AKP-MHP’li vekiller Nükleer Düzenleme Kanunu’nda ise düzenlemenin Cumhurbaşkanlığı kararnamesi ile tamamlanması için, TBMM yetkisini kullanmasına engel oldu (Bkz. ‘Nükleerde Saray Entrikası’ başlıklı yazım, 11 Mart). Yasa/CBK/yönetmelik karmaşası, bu kez, “paralel düzenleme” iştahı olarak da özetlenebilir.

SEÇİM YASASI

Nükleer düzenleme, AYM’nin tanıdığı bir yıllık sürenin dolmasına günler kala, seçim yasa değişikliği ise, “Seçim kanunlarında yapılan değişiklikler, yürürlüğe girdiği tarihten itibaren bir yıl içinde yapılacak seçimlere uygulanmaz.” yasağına takılmaya haftalar kala gündeme getirildi.

Hükümet olmadığı halde kurulan Cumhur İttifakı, TBMM’ye vurulan ters kelepçe işlevi gördü.
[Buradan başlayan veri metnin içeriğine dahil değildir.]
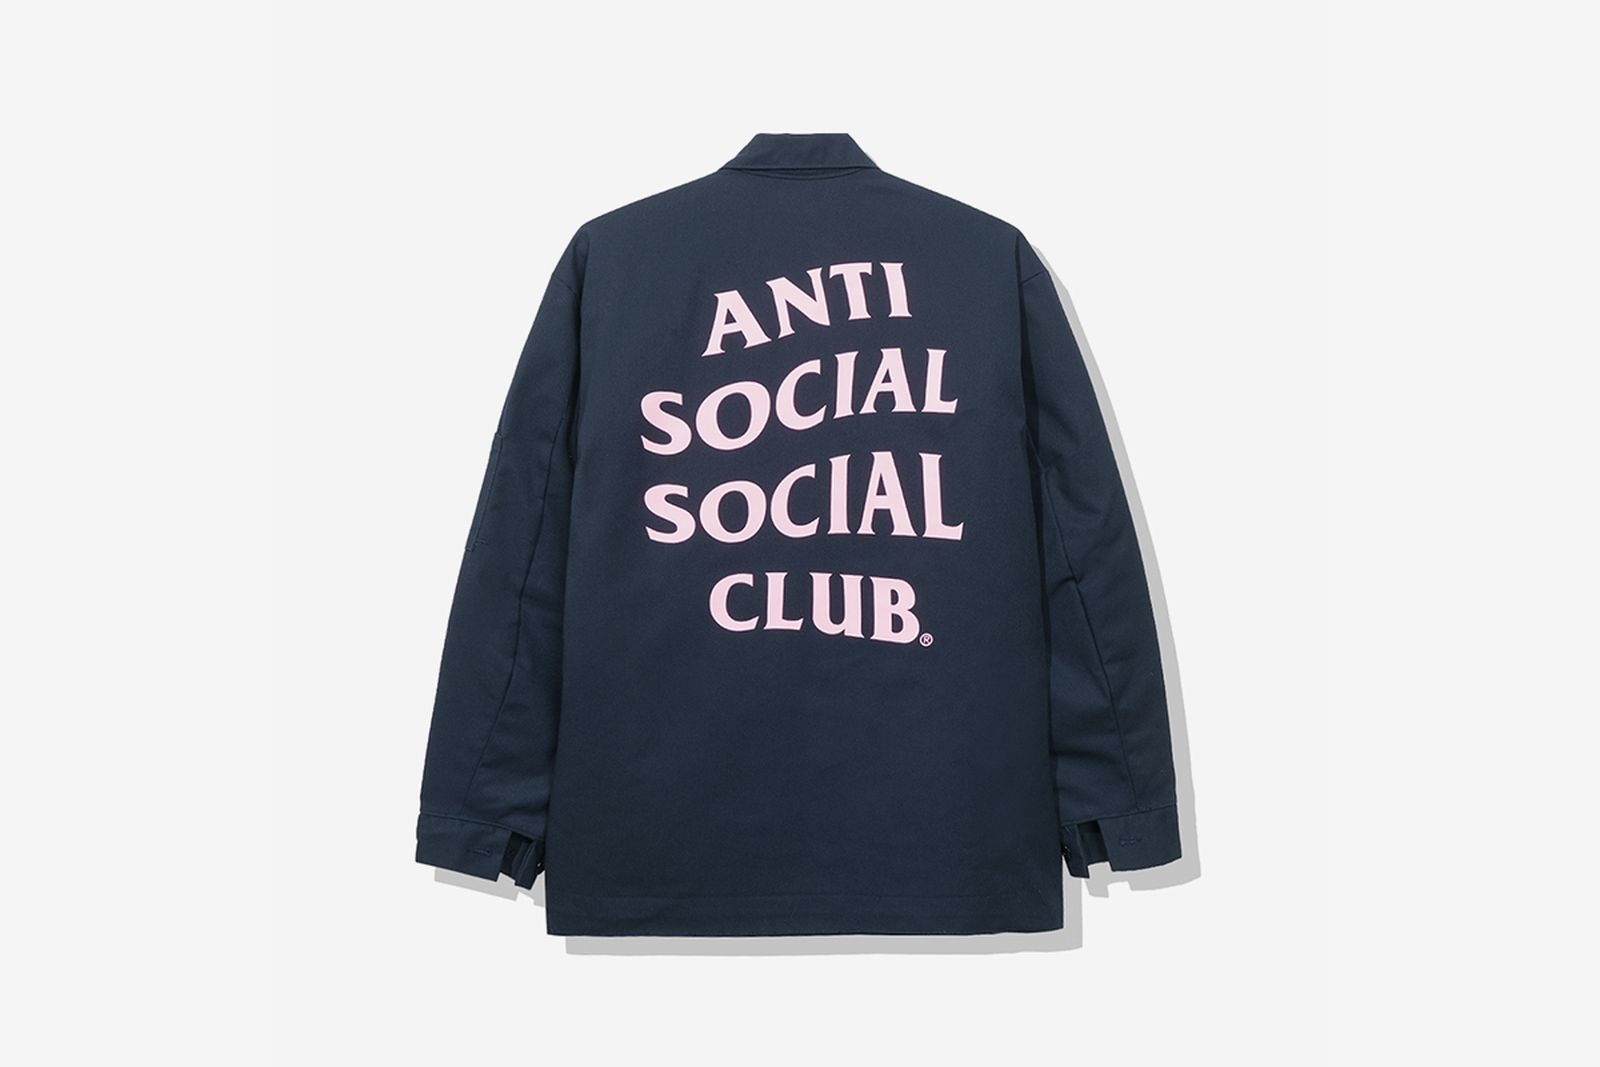 anti-social-social-club-usps-collaboration-2-03

Eğer seçim yasa önerisi, bu şekliyle yasalaşırsa özellikle CB’nin seçim yasaklarından bağışık tutulması ile “seçim sandığına vurulan kilit” işlevi görecek. Dahası, ‘kişi-parti-devlet birleşmesi’, CB’nin seçim yasakları dışında bırakılması ile pekişecek ve bir tür siyasetin sonu olacak. Kuşkusuz yasa önerisi, CHP ve müttefiklerince, ‘parlamenter demokrasi arayışına ivme kazandıracak bir adım’ olarak da okunabilir.